Energy aggregation: Mayor Rubenstein said the township, instead of staying with JCP&L, entered into an energy agreement that will save residents at least 7 percent on their electric bills. A typical township household will save around $85 per year, he said, and the entire town would save around $250,000. In the near future, Rubenstein said, residents will receive a letter informing them of the program benefits. Later, they will receive further paperwork from the provider, Energy Harbor, allowing residents to opt out immediately or even a year from now. However, he recommended residents give the program a chance. Good Energy representative John Berg said the aggregation is under a GE program, with reliability and price protection.
Police building: The council unanimously approved paying MJA Construction Services $16,050 for cost estimates and construction consulting for the proposed new Byram Township Police Municipal Building and renovations to the municipal building.
Greener by Design presentation: After discussing municipal building grant opportunities and low-interest loans with Ben Spinelli of Greener by Design, the majority of the council agreed to consult other grant-writing firms before going forward with Greener by Design.
C.O. Johnson Park concepts: French and Parrello Associates will present their C.O. Johnson Park concepts at the March 16 meeting.
Safety and Loss Control Award: Rubenstein announced Byram Township was awarded the Safety and Loss Control Award by their insurance company, as a result of Byram’s keeping its exposure to risk low.

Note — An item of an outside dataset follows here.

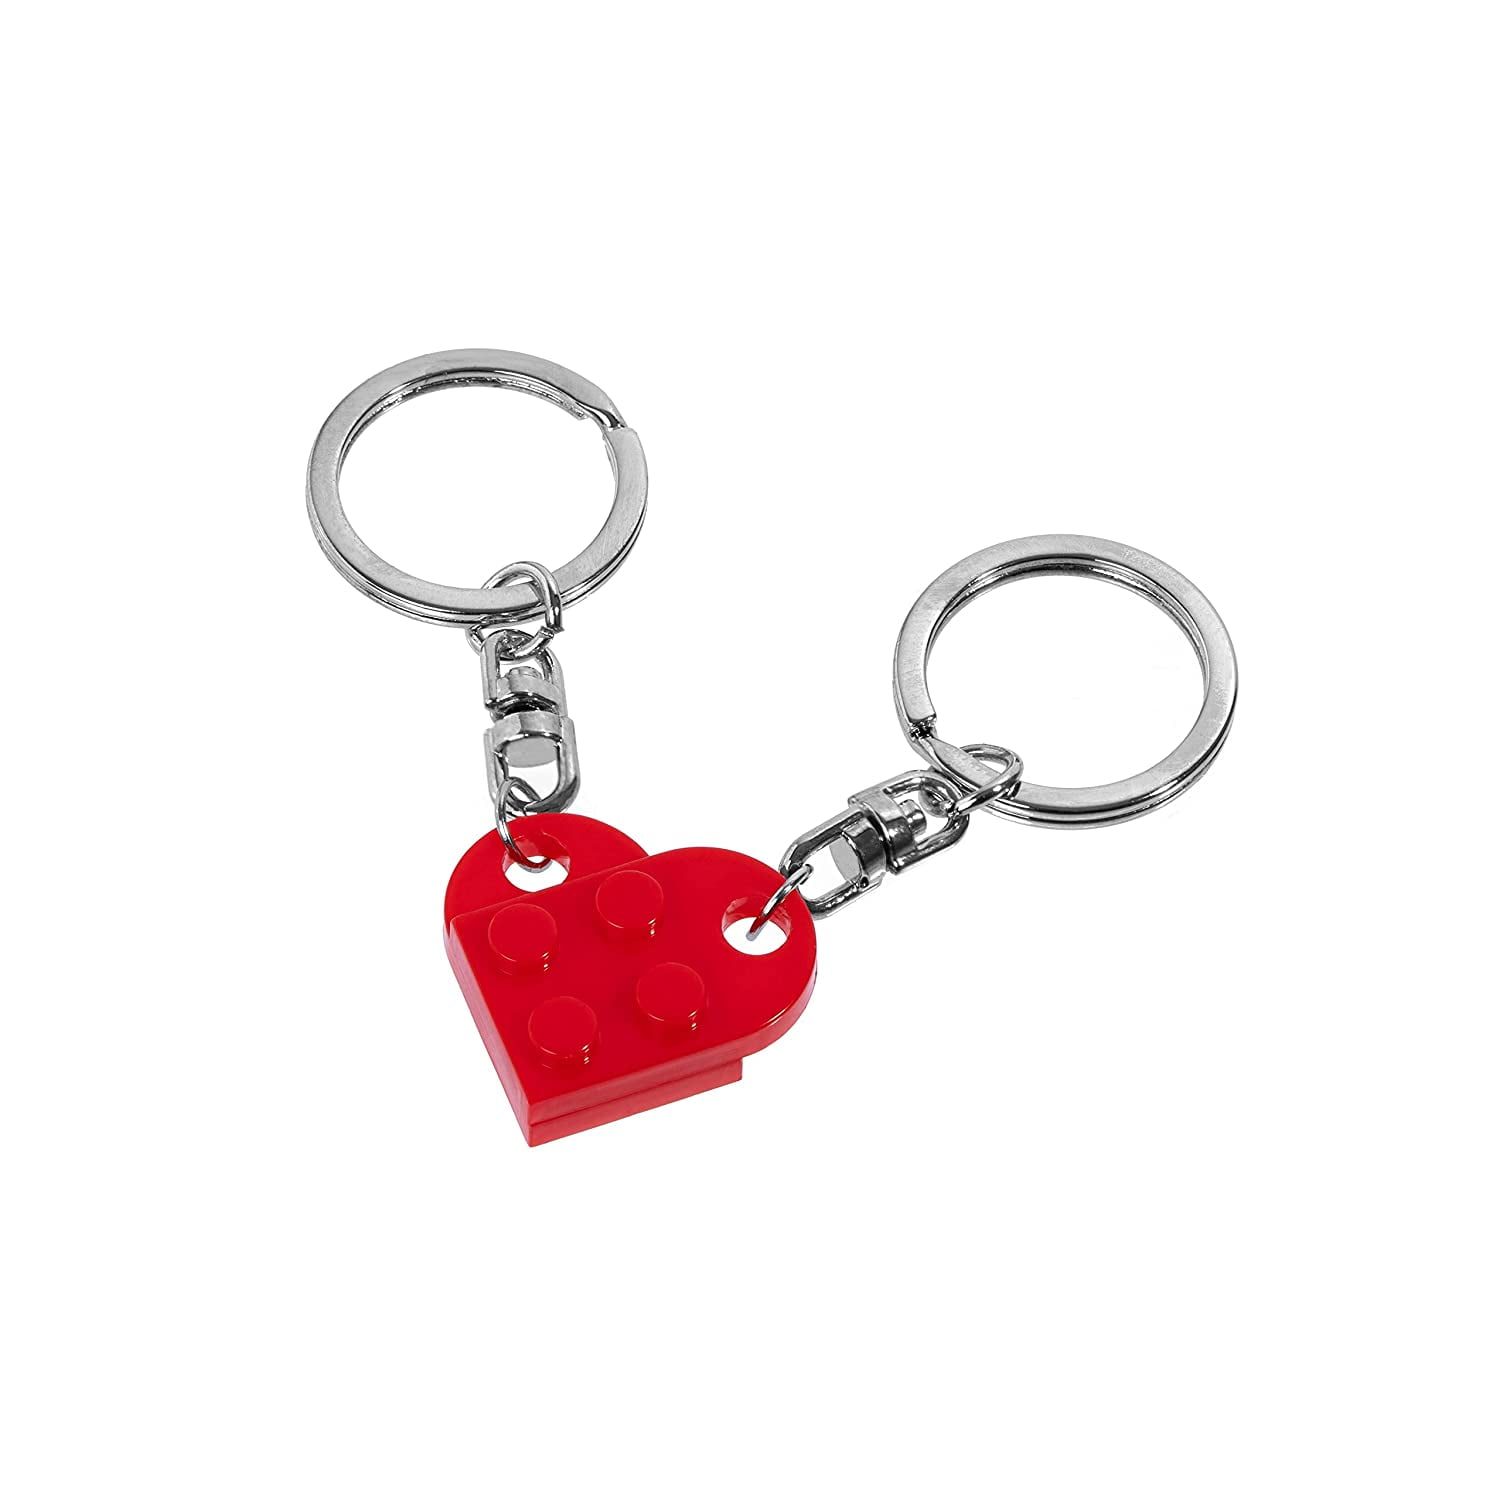 Matching Keychains Couples Brick Heart For Lego Boyfriend Girlfriend Cute Best Friends Necklace Split 2 Piece Two Set Gift 6d00c0a0 1f1c 49f7 ae4d 3ab7f33dec68.087e7919b6ad52233ad676e553535c97

Fire department ice rescue: Councilman Jack Gallagher said a mutual aid ice rescue drill will be held on March 11. He reminded residents that the fire department is looking for volunteers.
Fund law correction: The council unanimously agreed to correct the wording of the current State Training fund law to insure that all volunteer EMTs receive pay for their training, volunteers fulfill a minimum service requirement to maintain eligibility, and paid EMTs do not receive state funding through an unintended loophole.
Read Across America: The council unanimously approved a proclamation supporting Read Across America, a program celebrating reading.